We can add plots within our table as well! While maybe not completely necessary in this instance, it can be a helpful tool to have!
table_w_plots <- lobsters %>%
# Calculate total cpue for each year
group_by(year) %>%
summarize(
total_cpue = sum(cpue, na.rm = TRUE),
dist_cpue = list(cpue),
.groups = "drop") %>%
arrange(year) %>%
# Create gt table
gt() %>%
tab_header(
title = "European Lobster Catch Totals and Distribution (2006-2010)",
subtitle = "Total Catch Per Unit Effort (CPUE)") %>%
cols_label(
year = "Year",
total_cpue = "Total CPUE",
dist_cpue = "Density CPUE") %>%
# Add in line density plots
gtExtras::gt_plt_dist(
dist_cpue,
type = "density",
line_color = "blue",
fill_color = "red")
table_w_plots | European Lobster Catch Totals and Distribution (2006-2010) | ||
| Total Catch Per Unit Effort (CPUE) | ||
| Year | Total CPUE | Density CPUE |
|---|---|---|
| 2006 | 426 | |
| 2007 | 638 | |
| 2008 | 767 | |
| 2009 | 1118 | |
| 2010 | 1087 | |
#install.packages("praise")
#install.packages("cowsay")
#install.packages("beepr")
library(praise)
library(cowsay)
library(beepr)
say("All done making some beautiful tables! :) ", "whale"); beep(3)

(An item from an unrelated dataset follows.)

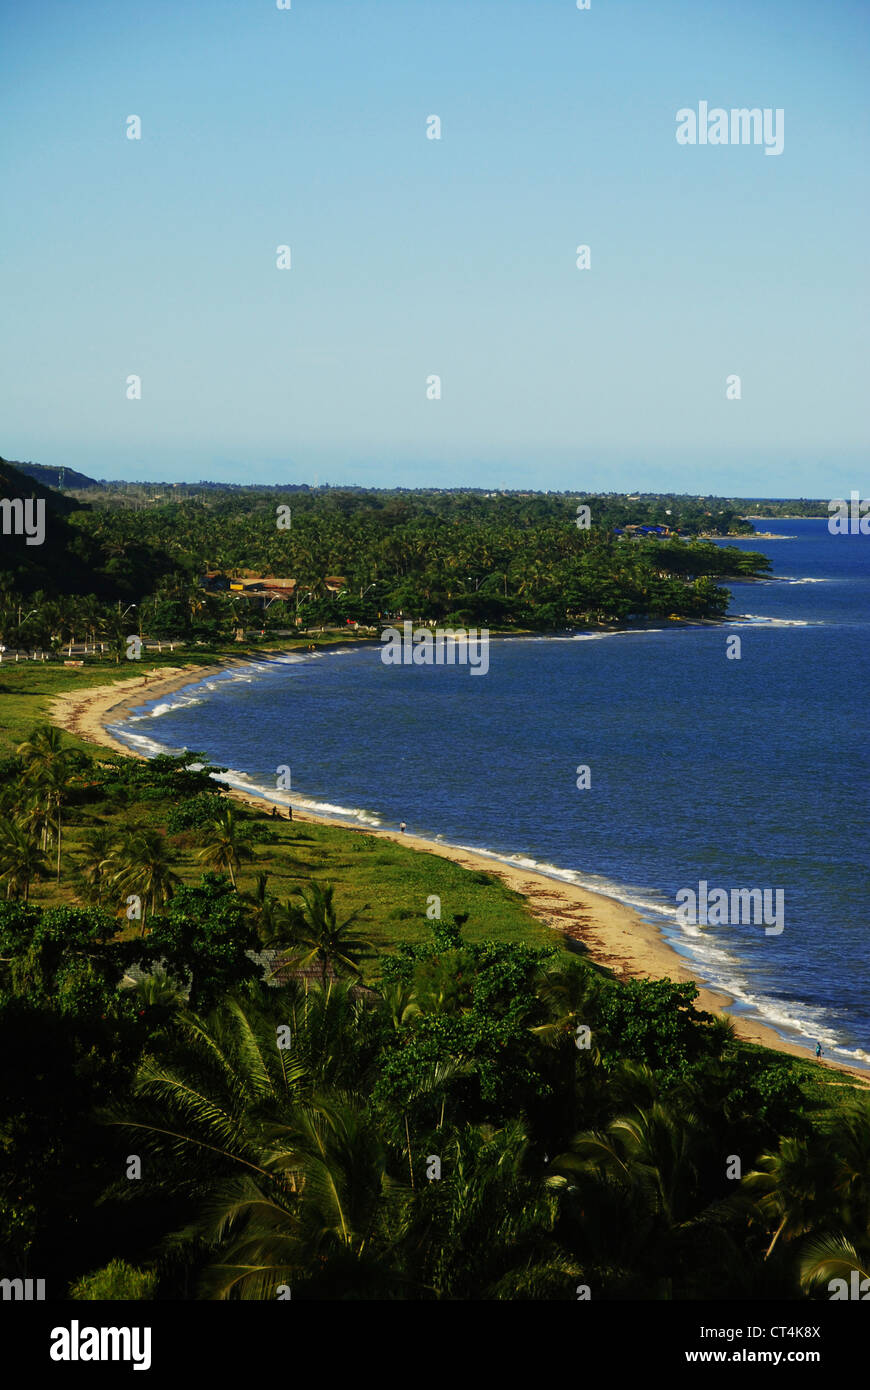 Brazil, Bahia, Porto Seguro, Arraial d'Ajuda, view on the bay with palm trees Stock Photo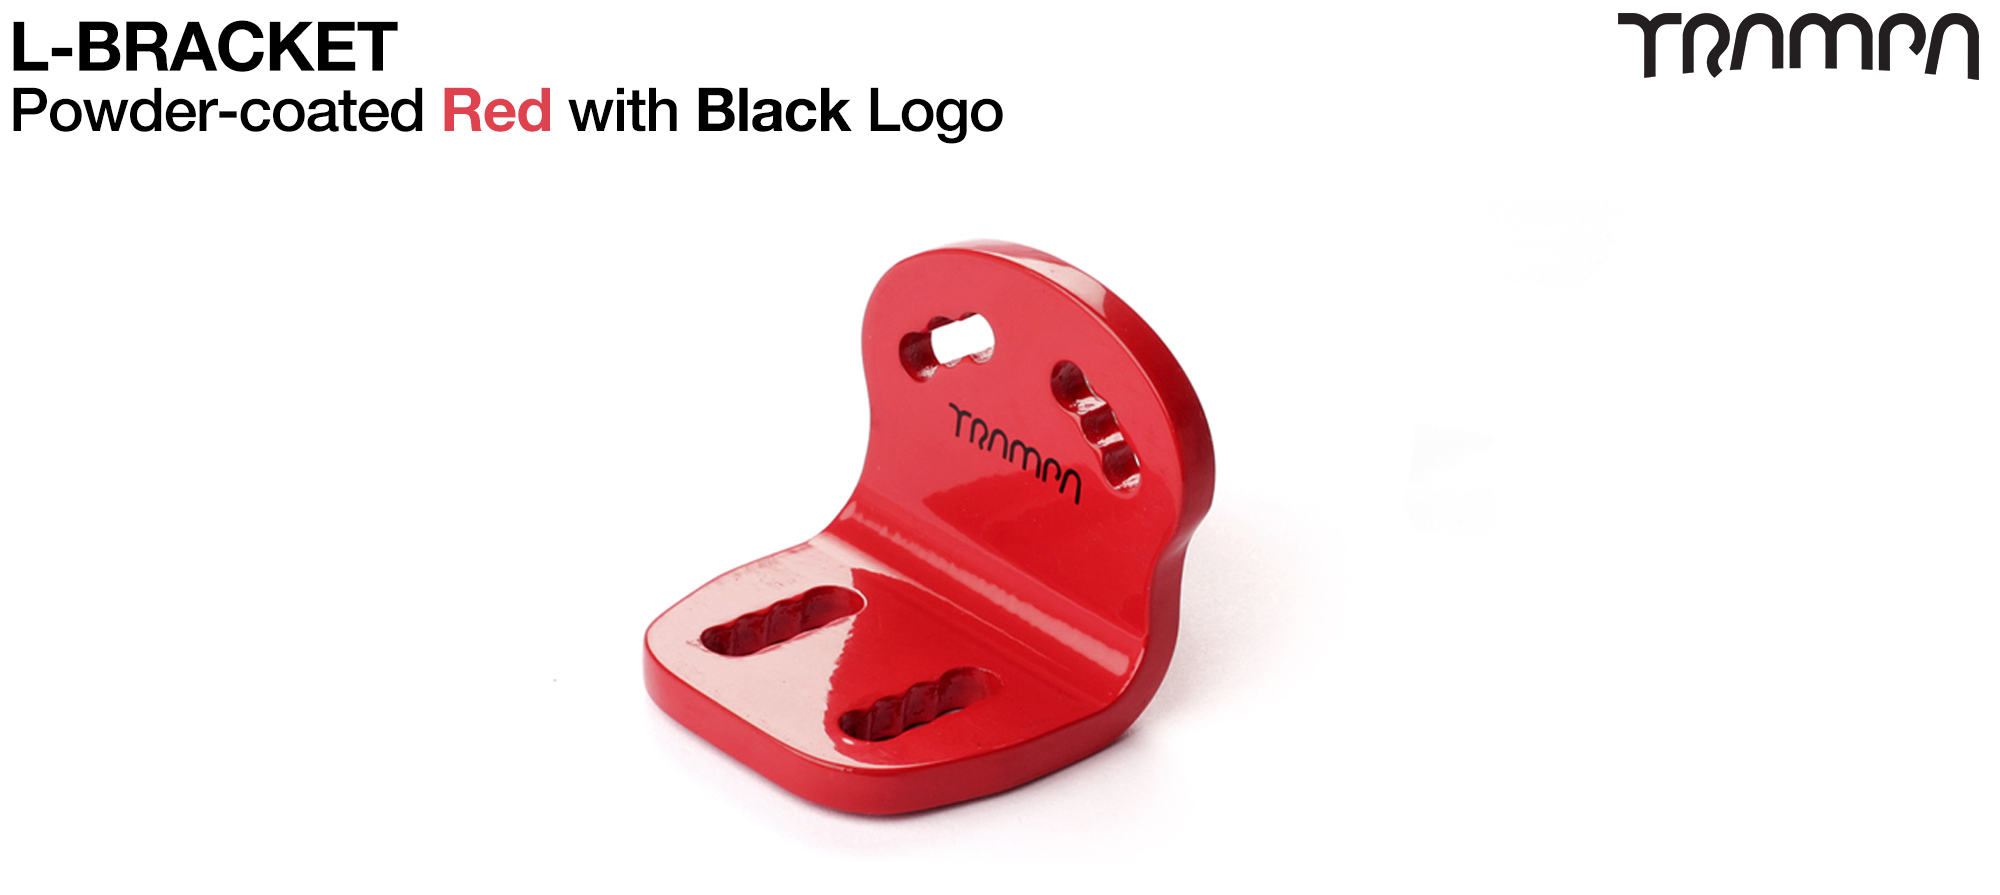 RED Powder-Coated with BLACK logo L-Bracket

___________________________________________
< All done making some beautiful tables! :) >
-------------------------------------------
\
\
.-'
'--./ / _.---.
'-, (__..-` \
\ . |
`,.__. ,__.--/
'._/_.'___.-`
Activity 2: Buntaine Policy Study Reading Comprehension Check
With your group, answer the following questions from the Buntaine article.
- What prompted this study?
- How were the treatment and control groups formed?
- Discuss the matched-pairs design of the study. How were neighborhoods paired? Create a diagram if helpful!
- Was the social competition strategy effective?
- What was the primary metric for assessing the impact of the social competition?